The Trump twist is about how much weight should be placed on speech uttered before a candidate takes office.
On Monday, in an Army courtroom at Fort Bragg in North Carolina, portions of a 28-minute tape of Trump’s campaign comments prepared by Bergdahl’s defense team were played over the government’s objections for the judge, Army Col. Jeffery Nance. Nance pronounced Trump’s rhetoric “disturbing,” according to news accounts confirmed by Fidell.
“We hope for meaningful relief,” Fidell said. “What the president has done clearly amounts to unlawful command influence.”

If Nance concludes that Trump’s words amount to unlawful command influence, or the appearance of it, he could take a range of actions from outright dismissal of the charges to ruling out the possibility of incarceration to providing Bergdahl’s defense team with additional power to eliminate potential jurors. The trial is scheduled to start April 18.
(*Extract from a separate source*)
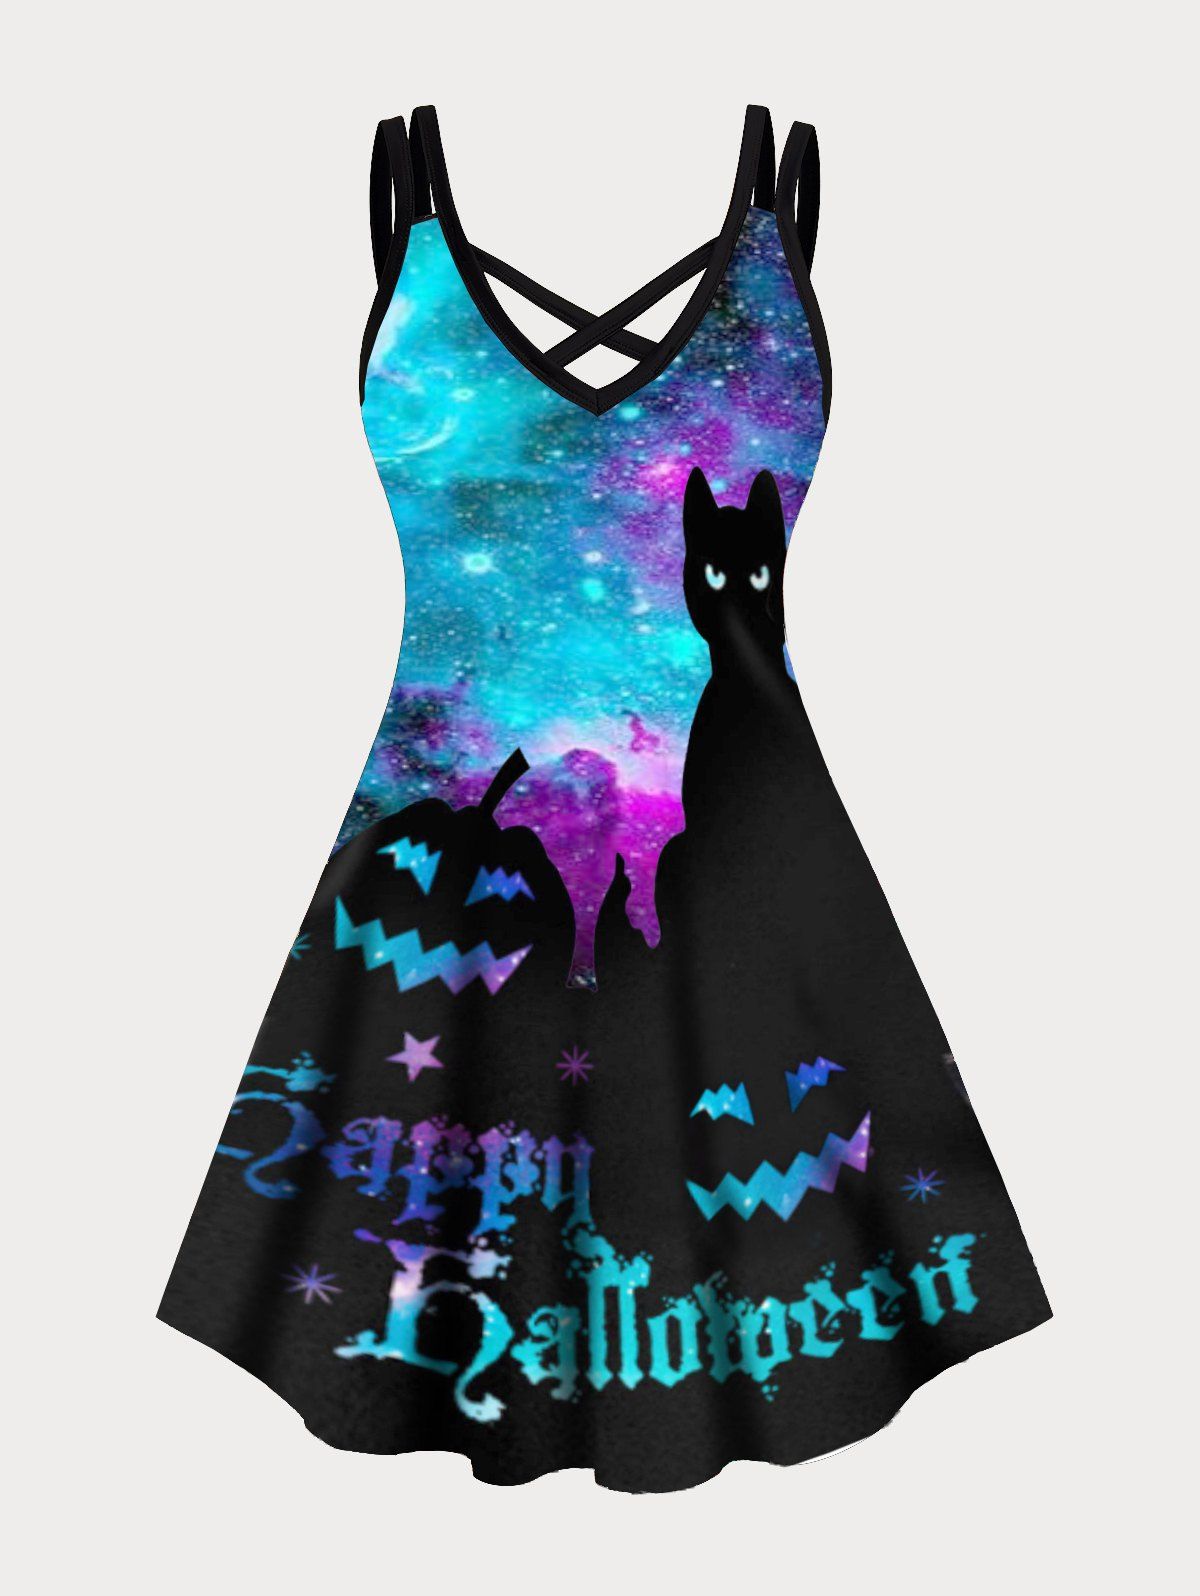 Happy Halloween Black Cat Pumpkin Galaxy Print Plus Size Dress Crisscross Dual Straps Cami Mini Dress - BLUE L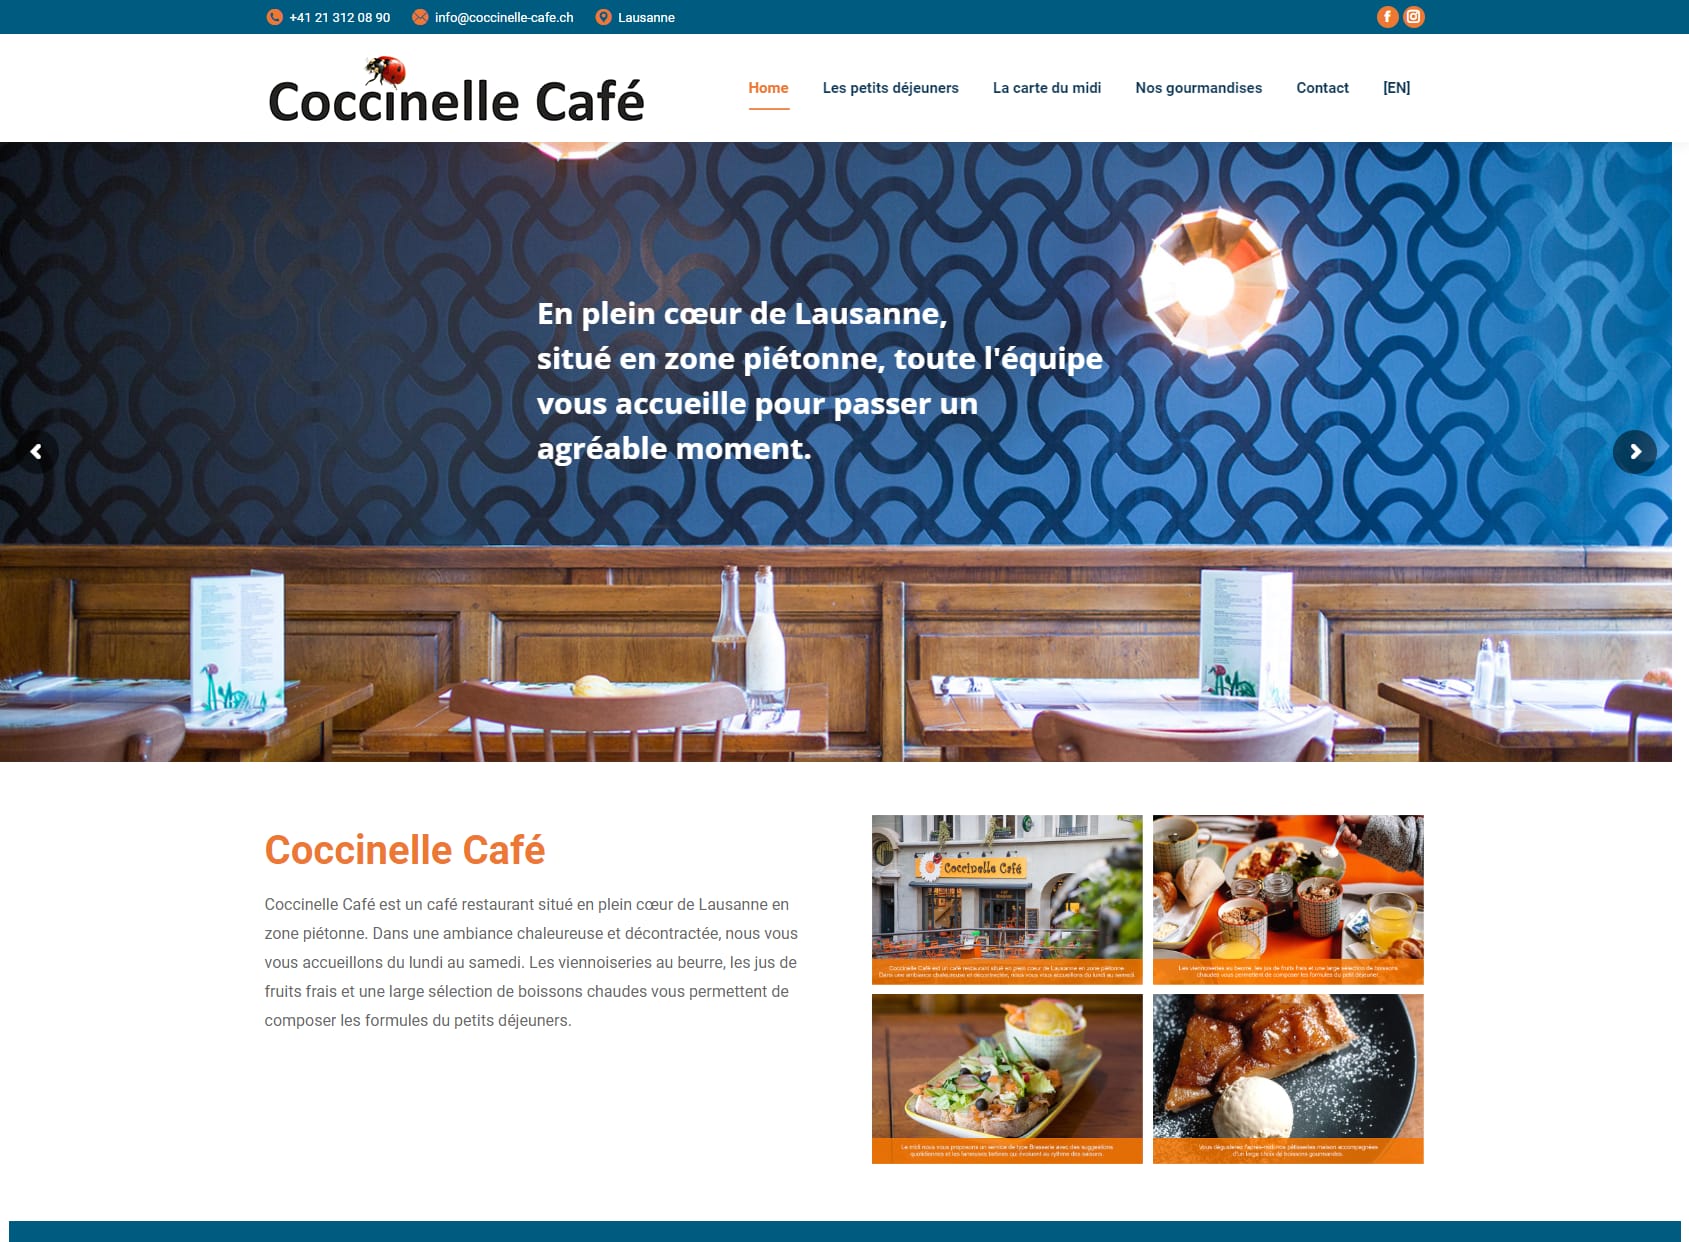 Coccinelle Café

On Tuesday, further supporting the argument that Trump’s campaign words can color presidential actions, Fidell filed with the military court the newest decision by a federal judge concerning the president’s Jan. 27 executive order blocking U.S. entry to refugees and nationals of seven Muslim-majority nations. Like Bergdahl’s claims of unlawful command influence, the new executive-order decision turned on Trump’s own words.
In the latest in a series of legal defeats for the White House, Northern Virginia-based U.S. District Judge Leonie Brinkema on Monday blocked the travel ban, which covered citizens of seven majority-Muslim nations. Tellingly, Brinkema devoted three or so pages of her 22-page opinion to recounting Trump’s various statements about Muslims.
Though Brinkema’s injunction was limited to Virginia residents affected by the travel ban, her conclusions mirrored those of other judges who have considered Trump’s controversial executive order. Sounding skeptical, Brinkema contrasted Trump’s “asserted rationale” for the temporary travel ban with the “president’s public comments.”
Brinkema, for instance, cited a Dec. 7, 2015, statement in which Trump called for a “total and complete shutdown of Muslims entering the United States” for the time being.
“Although (Justice Department attorneys) dispute the relevance of these statements,” Brinkema noted, “they have not contested their accuracy.”
Brinkema, moreover, dismissed Justice Department arguments that words uttered while campaigning don’t taint the actions taken by an elected executive.
“Just as the Supreme Court has held that ‘the world is not made brand new every morning,’ a person is not made brand new simply by taking the oath of office,” Brinkema stated.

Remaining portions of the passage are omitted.